Conventional heterogeneous computing systems built on PCIe interconnects suffer from inefficient fine-grained host-device interactions and complex programming models. In recent years, many proprietary and open cache-coherent interconnect standards have emerged, among which compute express link (CXL) prevails in the open-standard domain after acquiring several competing solutions. Although CXL-based coherent heterogeneous computing holds the potential to fundamentally transform the collaborative computing mode of CPUs and XPUs, research in this direction remains hampered by the scarcity of available CXL-supported platforms, immature software/hardware ecosystems, and unclear application prospects. This paper presents Cohet, the first CXL-driven coherent heterogeneous computing framework. Cohet decouples the compute and memory resources to form unbiased CPU and XPU pools which share a single unified and coherent memory pool.
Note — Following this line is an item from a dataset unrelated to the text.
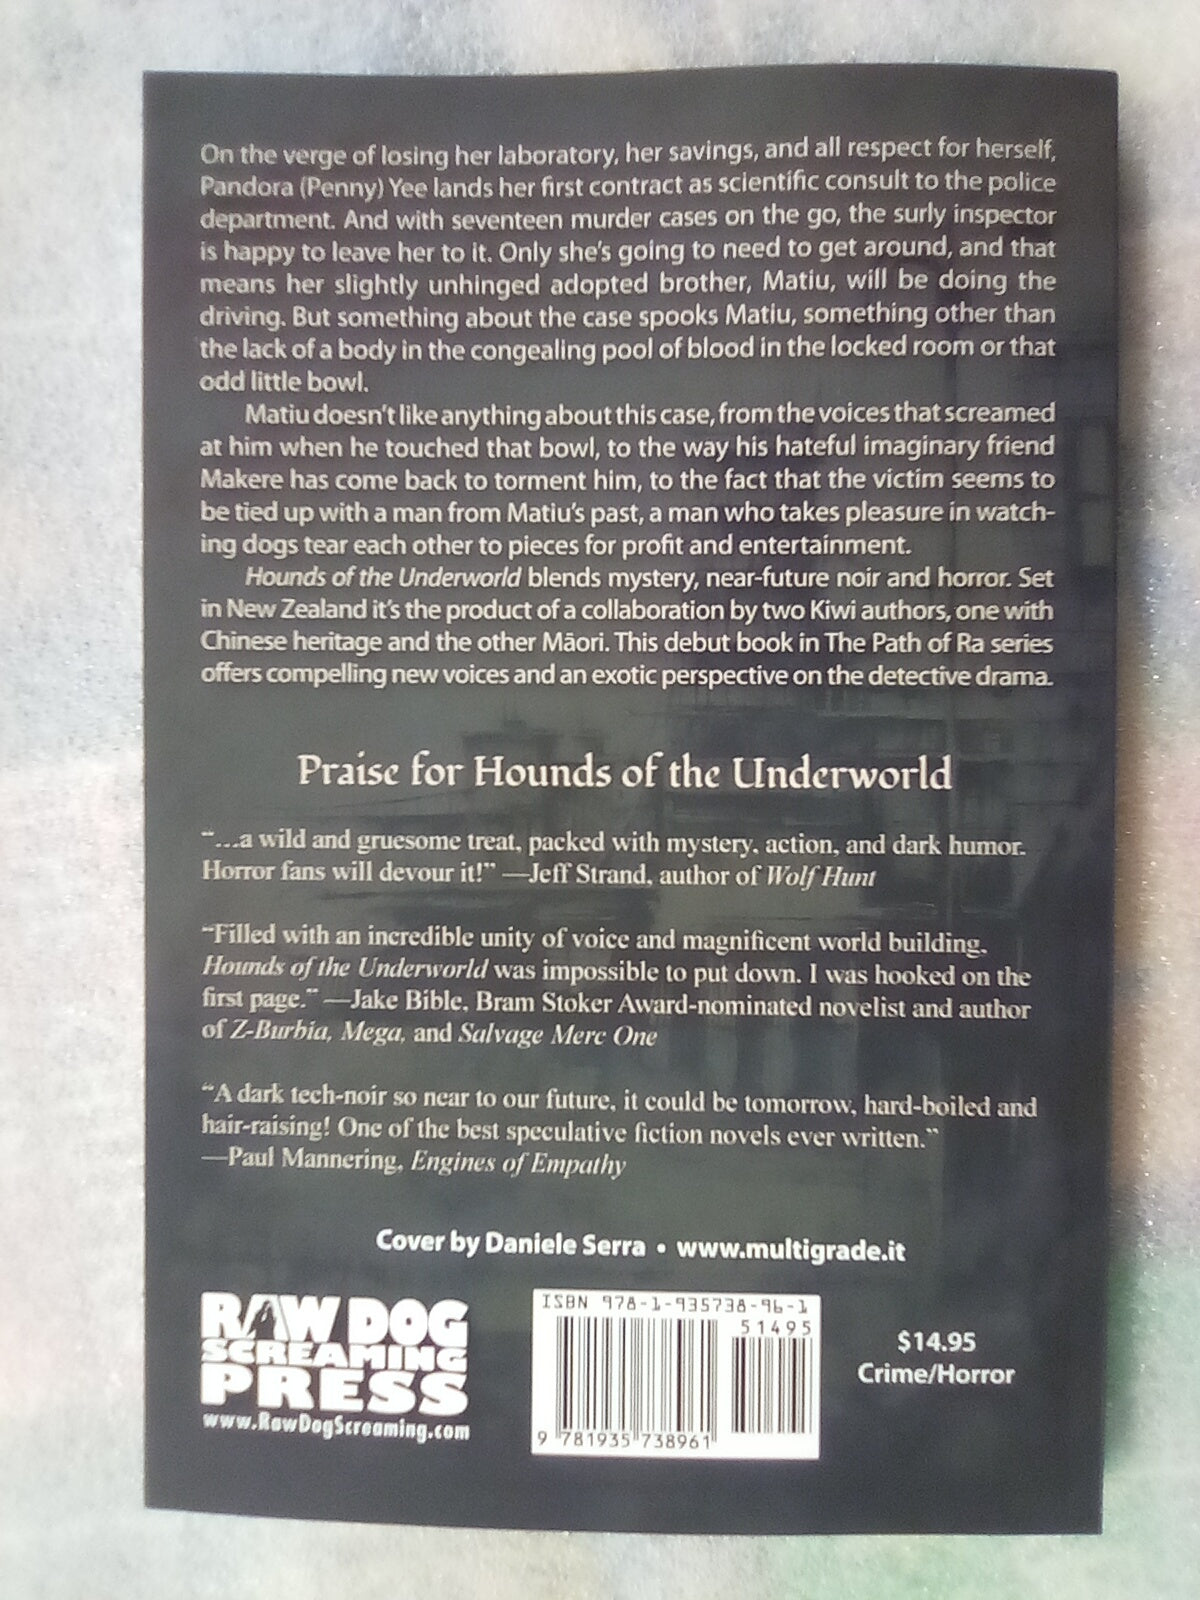 Hounds of the Underworld - The Path of Ra Book One by Lee Murray (Signed Copy)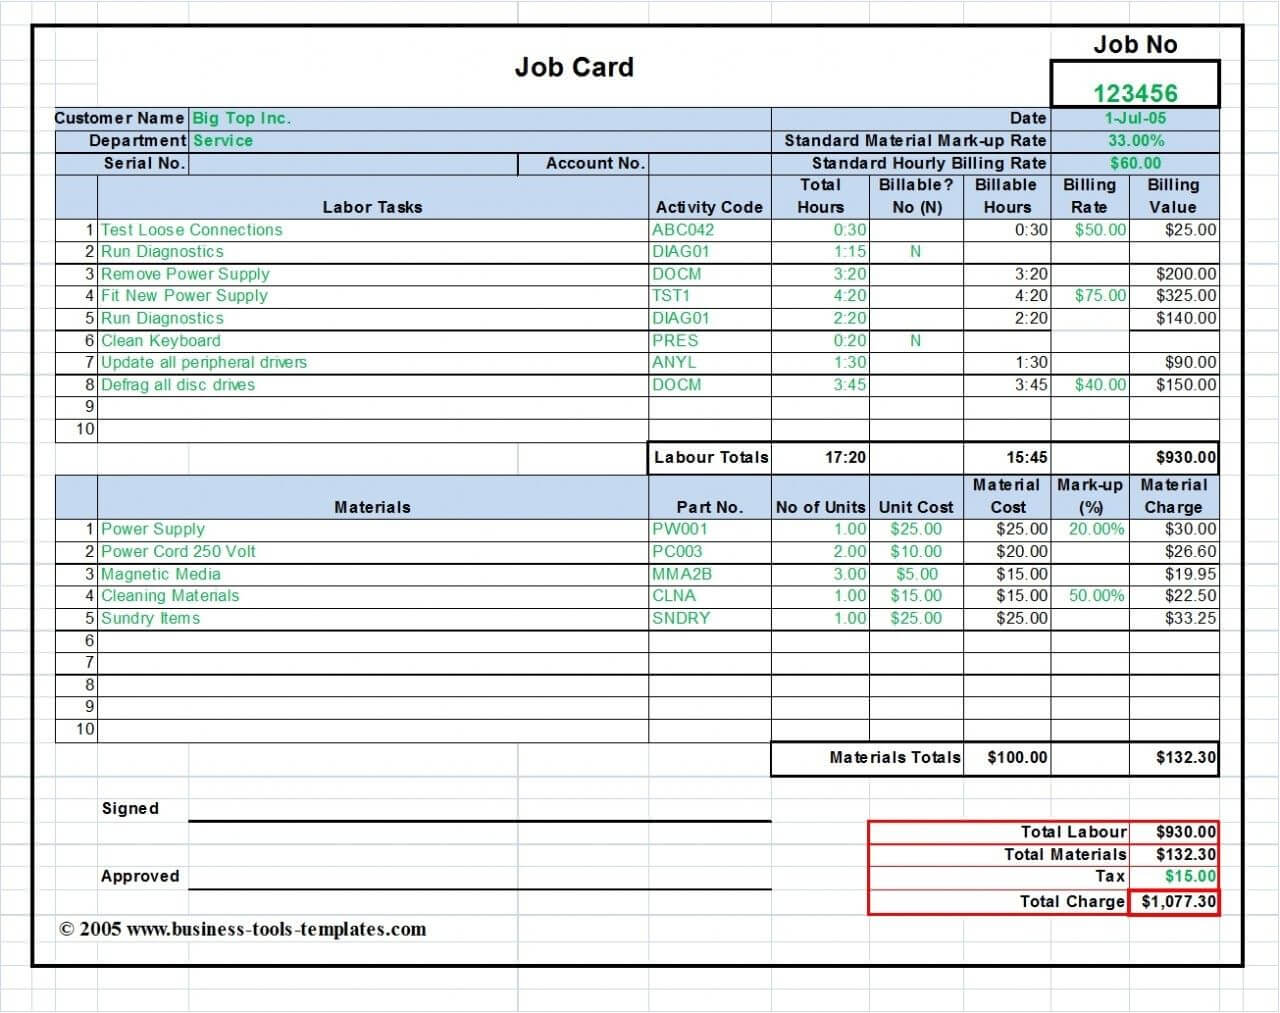 Workshop Job Card Template Excel, Labor & Material Cost For Job Card Template Mechanic

It exposes a standard malloc/mmap interface to both CPU and XPU compute threads, leaving the OS dealing with smart memory allocation and management of heterogeneous resources. To facilitate Cohet research, we also present a full-system cycle-level simulator named SimCXL, which is capable of modeling all CXL sub-protocols and device types. SimCXL has been rigorously calibrated against a real CXL testbed with various CXL memory and accelerators, showing an average simulation error of 3%. Our evaluation reveals that CXL.cache reduces latency by 68% and increases bandwidth by 14.4x compared to DMA transfers at cacheline granularity. Building upon these insights, we demonstrate the benefits of Cohet with two killer apps, which are remote atomic operation (RAO) and remote procedure call (RPC). Compared to PCIe-NIC design, CXL-NIC achieves a 5.5 to 40.2x speedup for RAO offloading and an average speedup of 1.86x for RPC (de)serialization offloading.